• **Aim of the exercise**
Only a slice of the listing below is wanted. Retype the lines from the one containing "Dr.Prepare Mini Luftentfeuchter" through the one containing "Millet House Malt Millet Drink Image", exactly, both ends included.

• **Provided material**
= = = =
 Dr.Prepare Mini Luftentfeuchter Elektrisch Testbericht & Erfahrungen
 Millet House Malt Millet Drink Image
= = = =
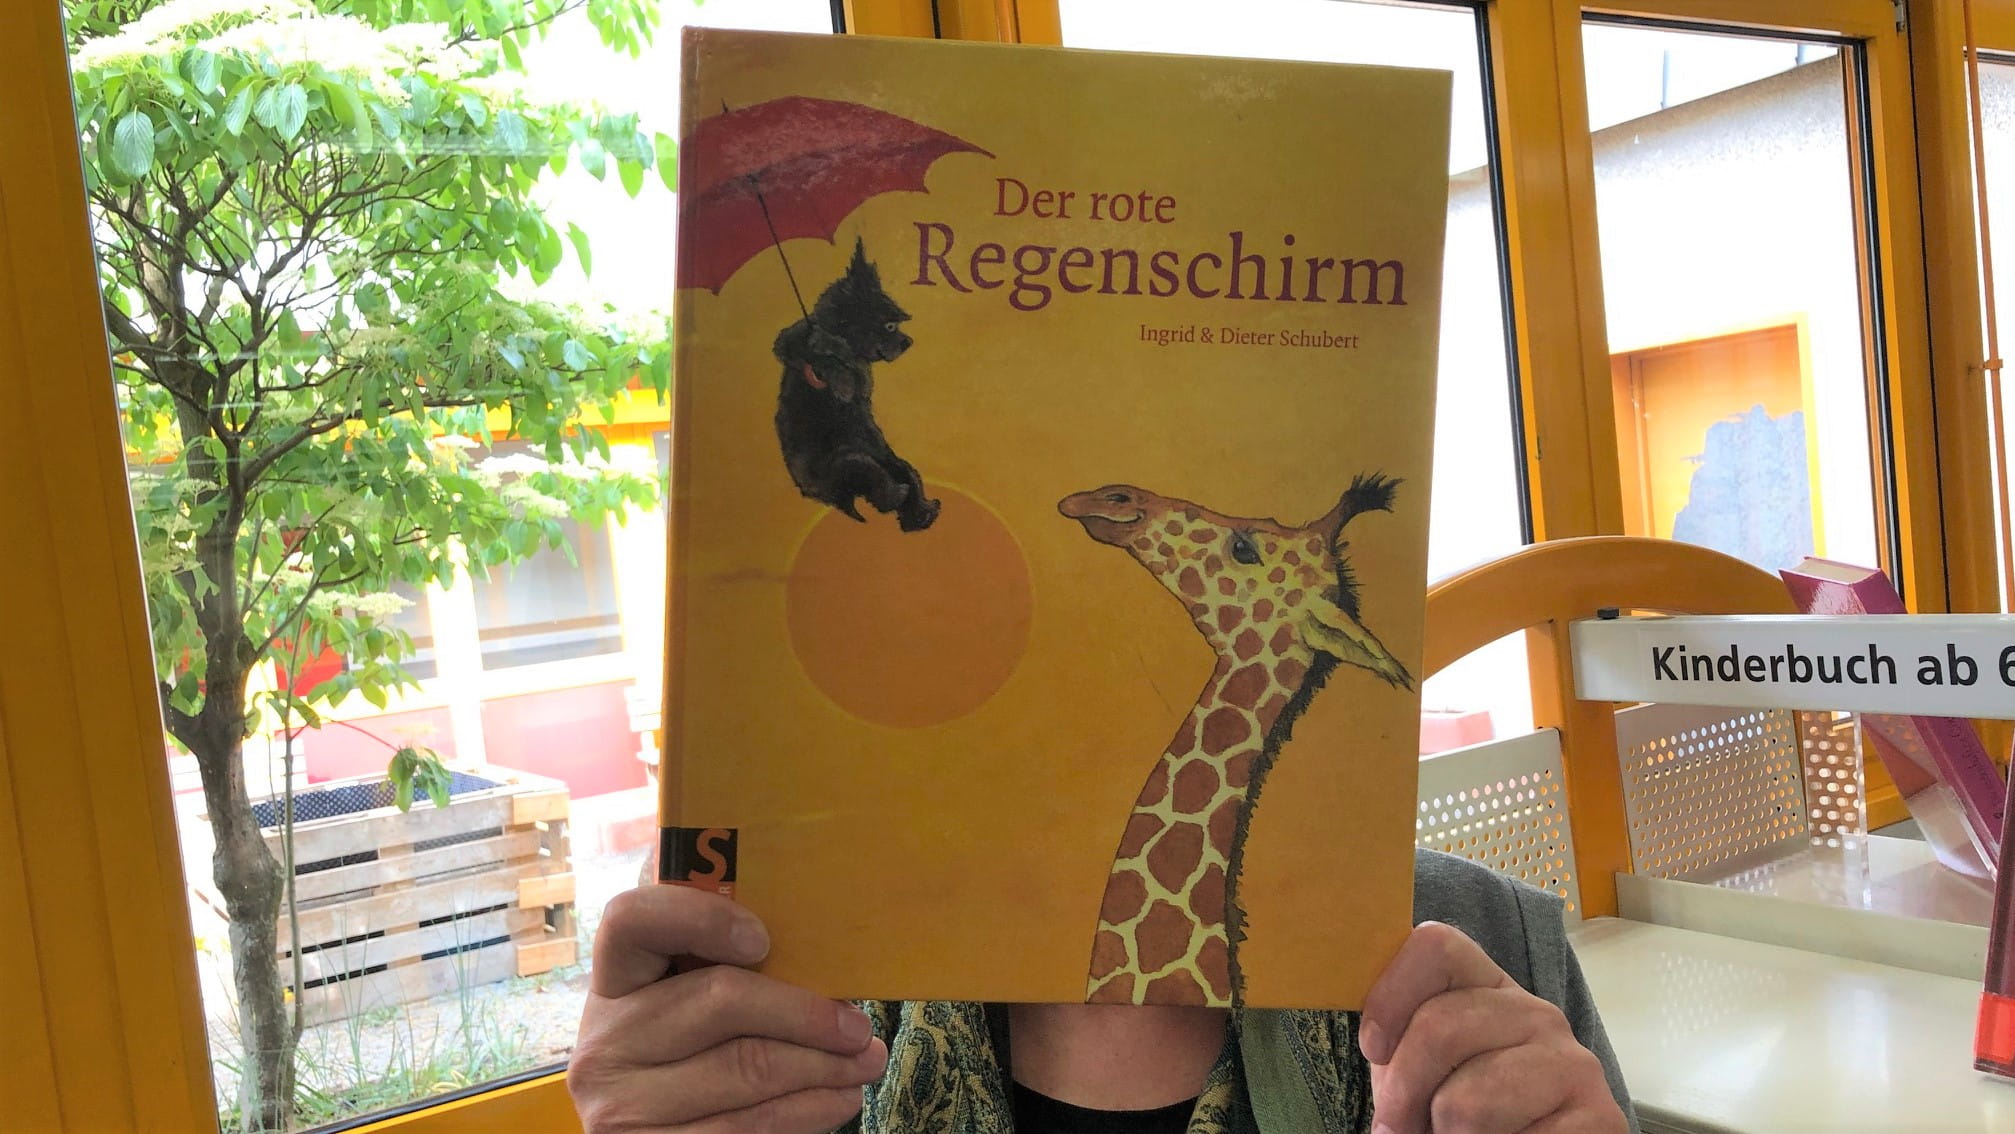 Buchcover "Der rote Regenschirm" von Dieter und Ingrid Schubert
= = = =
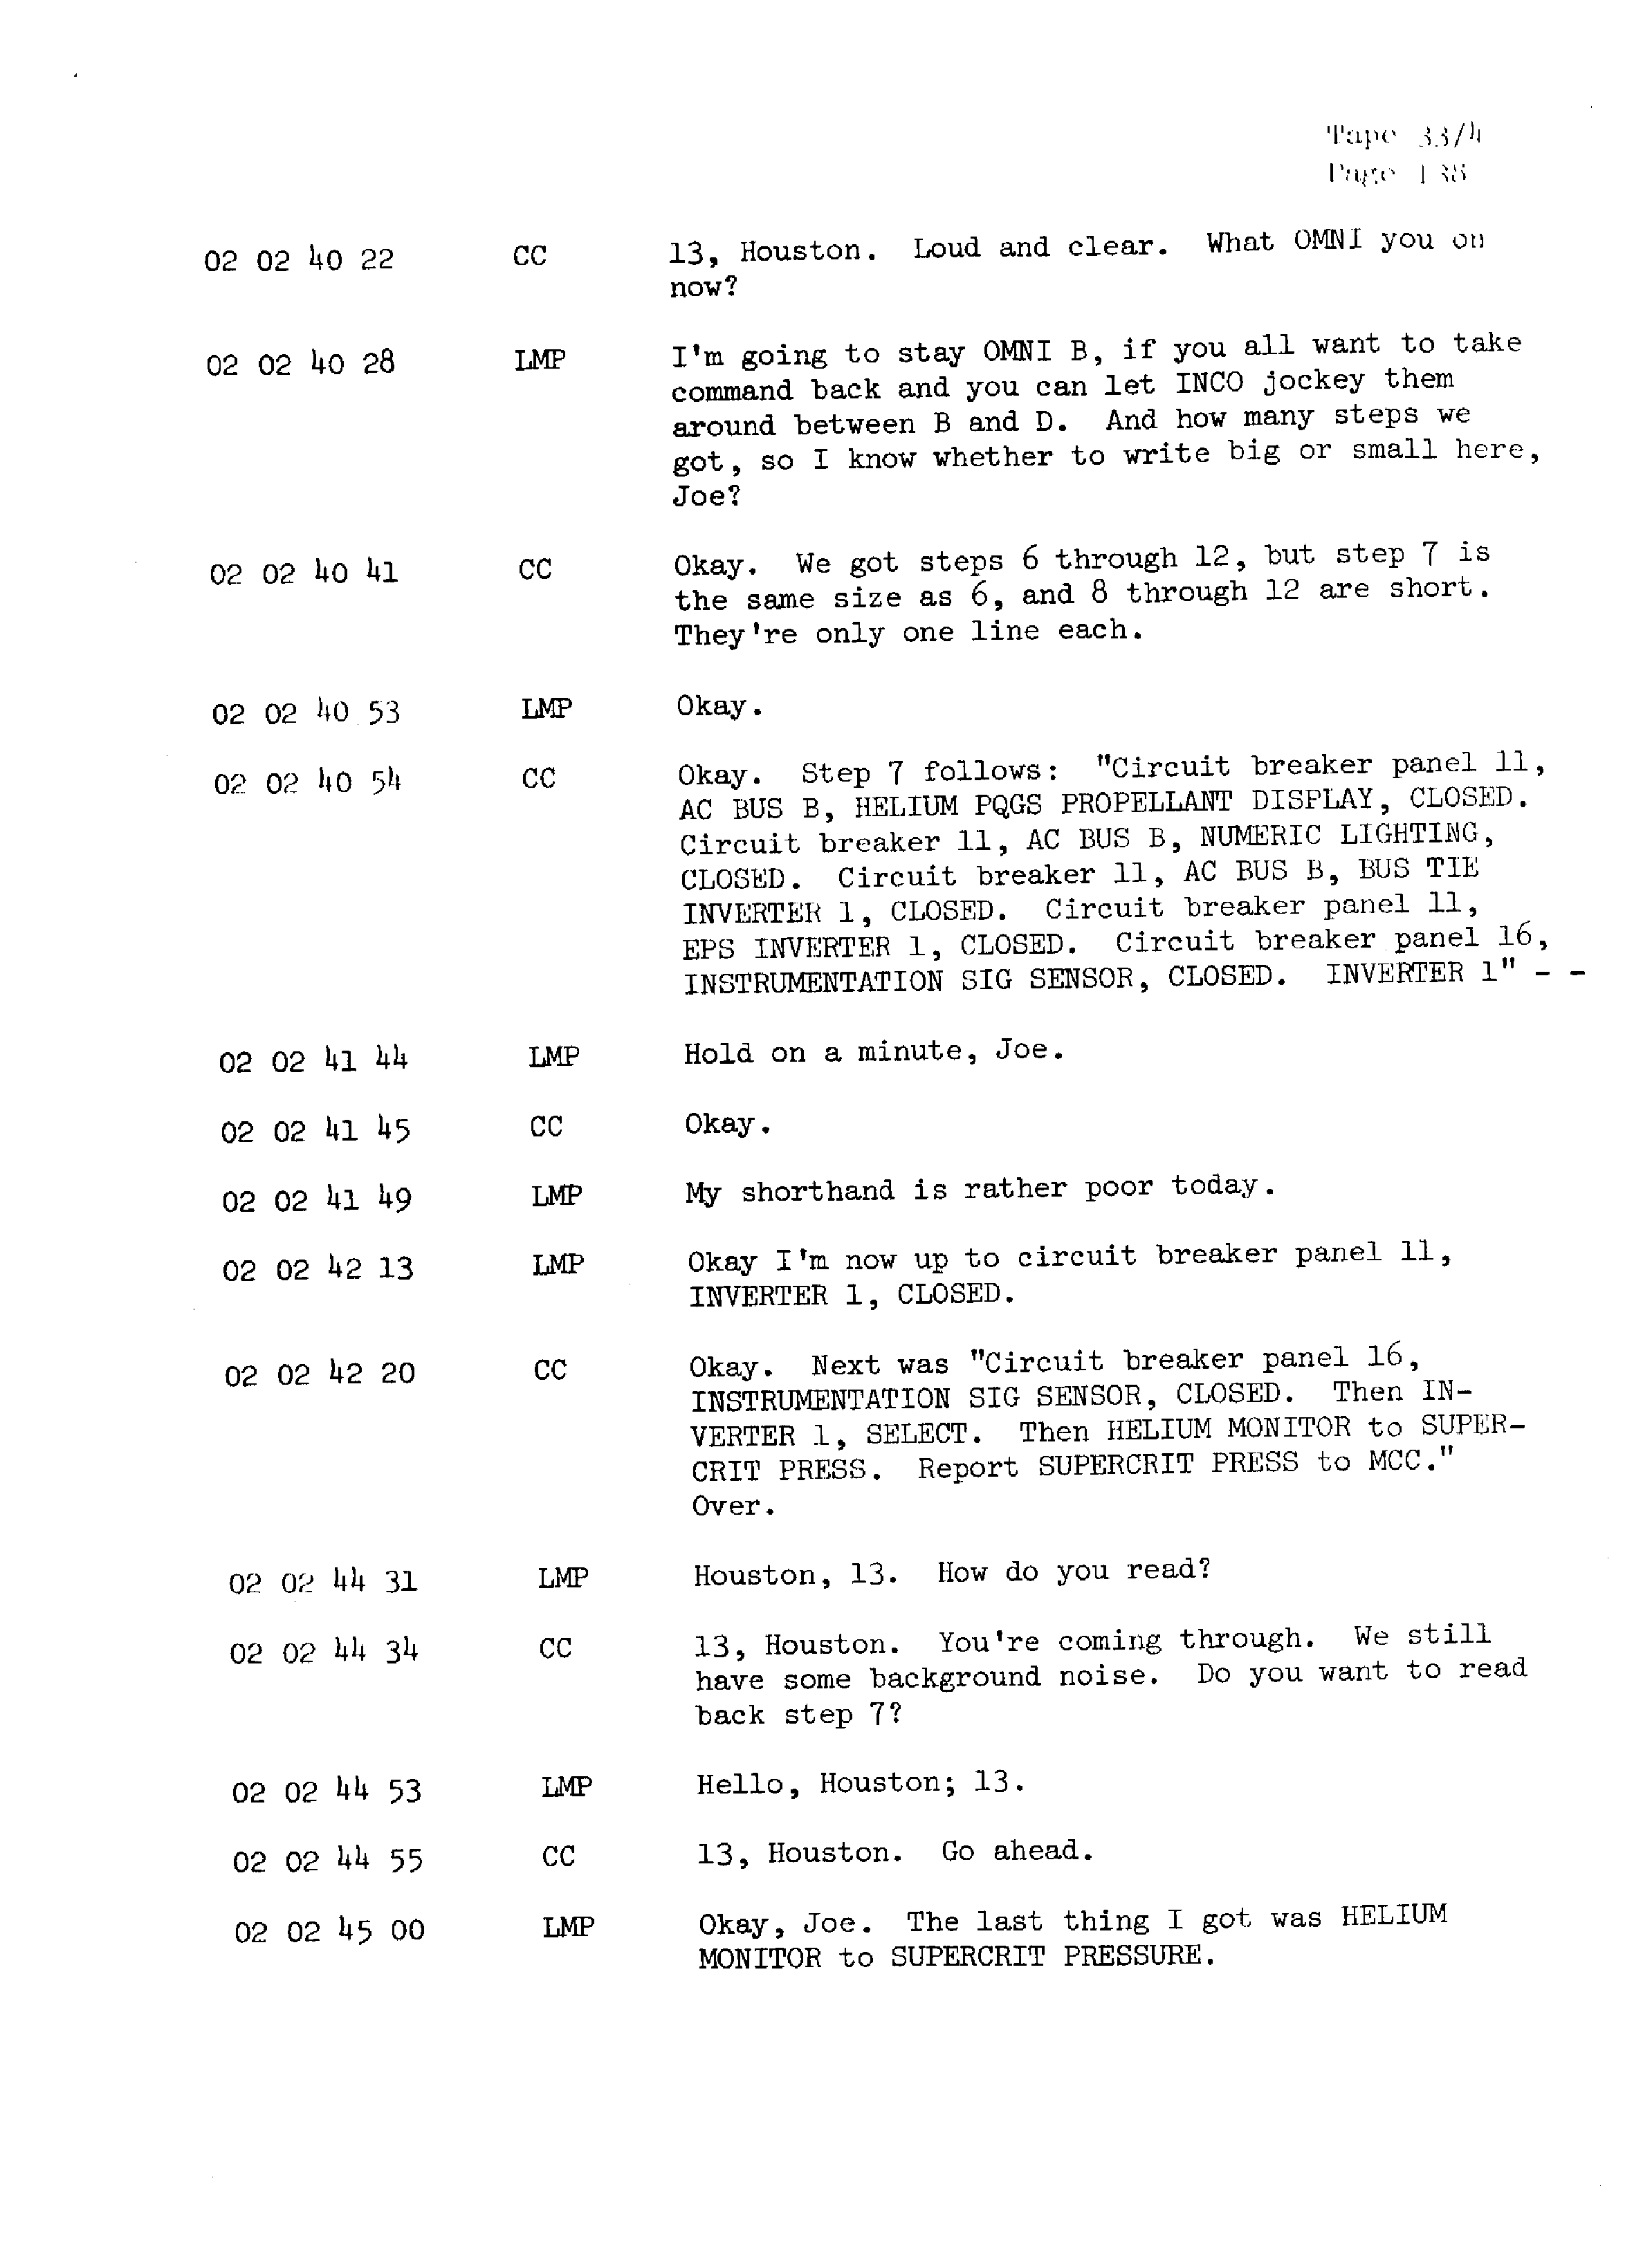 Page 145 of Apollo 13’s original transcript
= = = =
• **Solution for this problem**
 Dr.Prepare Mini Luftentfeuchter Elektrisch Testbericht & Erfahrungen
 Millet House Malt Millet Drink Image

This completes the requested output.